A short whimper came from him, but I didn’t care. “Get up, you back stabber! Take what you have coming to you!”
“Penny, stop. Please,” he moaned, holding up his hands in surrender. Blood trickled from the corner of his mouth and dripped onto my clean linoleum floor.
“Get up,” I growled. “You’re getting blood on my floor.” I walked away from him toward my bedroom. I cursed loudly as I pulled blankets and a pillow from the top of my closet. Handbags fell to the floor, but I just kicked them to the side and continued stomping back to the living room. “Don’t get blood on my couch, you dick!”
I dropped the bedding on the couch and stomped back to my room, slamming the door and muttering to myself about how irresponsible and untrustworthy my brother had turned out to be on the way to the en suite. “How could I have screwed him up so badly? He was a decent kid at one point,” I questioned the empty bathroom while stripping clothes off and tossing them into the plastic hamper against the wall.
I showered while thoughts of how I intended to handle this situation ran through my head. One scenario after another played through my mind. None seeming the right fix. Of course, I’d have to do whatever Midnight Manor wanted in order to save Byron from an eternity of torture, but I didn’t have to be happy, or very cooperative, about it.

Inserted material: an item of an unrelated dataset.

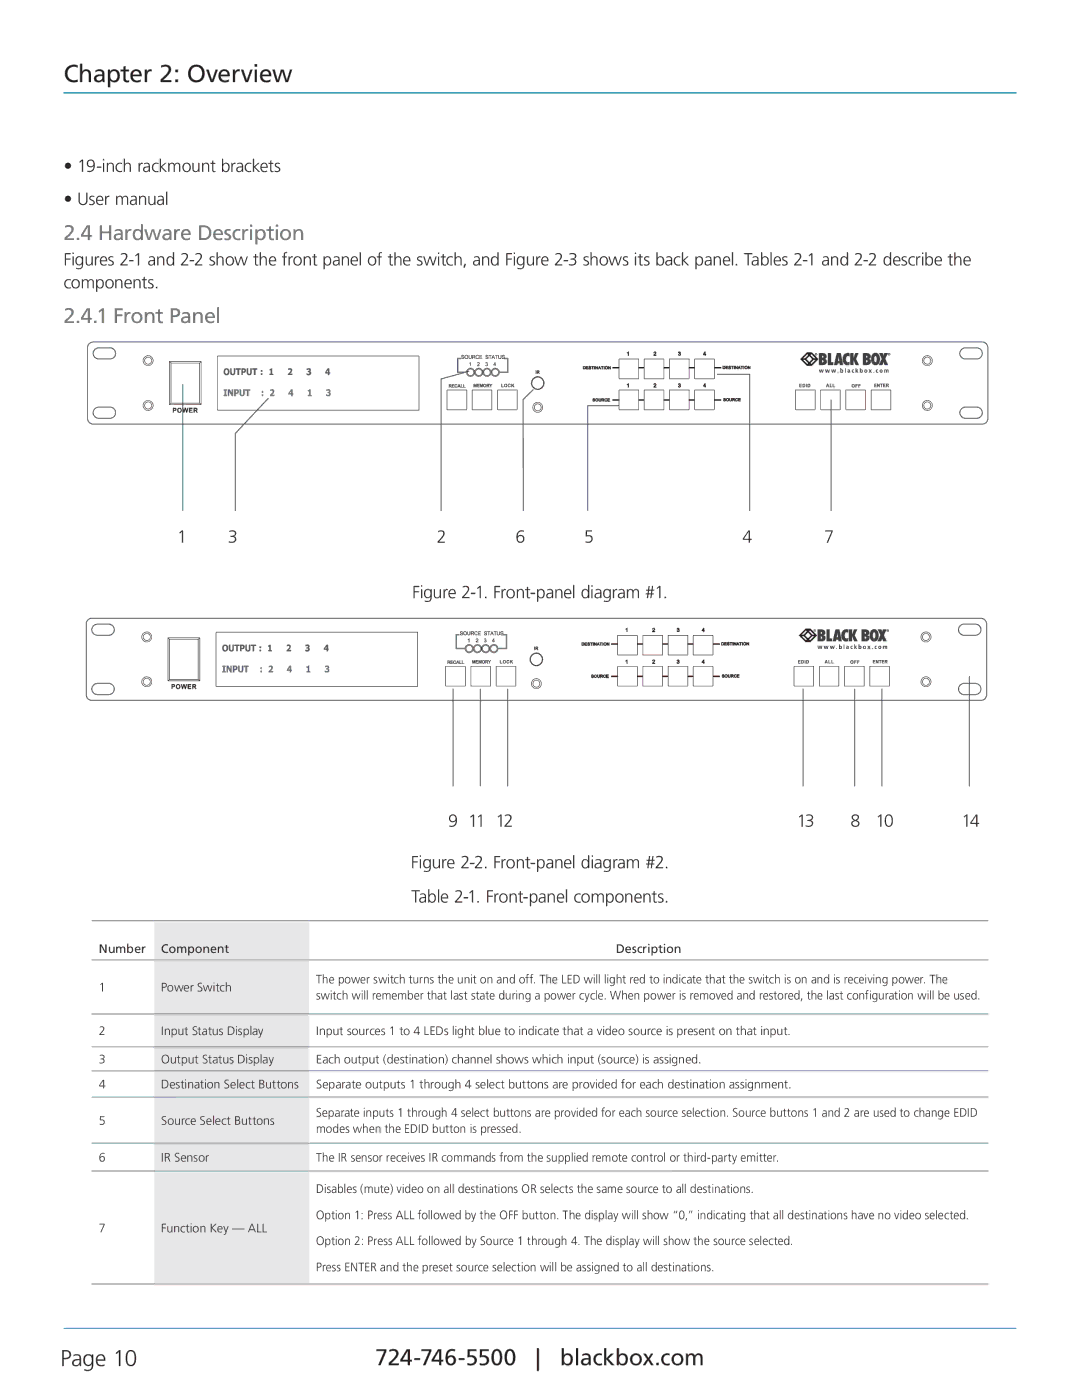 Black Box VSW-HDMI4X4-B, 4 x 4 HDMI Matrix Switch manual Hardware Description, Front Panel, Inch rackmount brackets

Runners were extremely complicated creatures. The elders of the immortals consider runners to be any immortal who doesn’t abide by their rules and desires, and then tries to take off instead of facing judgment. Thus, runners. Runners could vary from one extreme to another depending on the elder immortal who is doling out the judgment. Some are a little more fickle than others.
The mildest example of insult resulting in time spent at Midnight Manor was back in 1805, when a French immortal decided he didn’t want to speak with the Immortal King after a dinner party. The offending Frenchman felt ill after eating tainted shellfish and instead of saying good night to the king, he merely left. He found himself shackled to a dungeon wall at Midnight Manor the next morning. As far as I know, he’s still there.
The most severe incident was an immortal woman who severed the head of her neighbor, who just so happened to be sleeping with her husband. It didn’t kill the neighbor, but it would take centuries for the woman’s head to reattach to her body. And that’s if the doctors could keep the body’s tissue viable enough for all those years.
The offending woman was punished by having her own head removed. Her live and talking head was currently in a collection room at Midnight Manor. Or though that’s how the story goes. I’ve never seen it for myself. I stay as far away from there as possible.
Dressed in my favorite pair of yoga pants and tank top, I crawled into bed. “I’ll think of something,” I whispered to the bedside lamp as I flicked the switch.
I fell asleep with thoughts of our parents. What would they tell me to do? Honestly, they wouldn’t know what to say. They were simple people in a simple time. They never expected to have an immortal child, much less two of them. It was merely a genetic defect. Unlike other birth defects, their children didn’t die as infants. They live forever. Sometimes I wished I’d died all those years ago. At least then I wouldn’t be trying to find a way out now.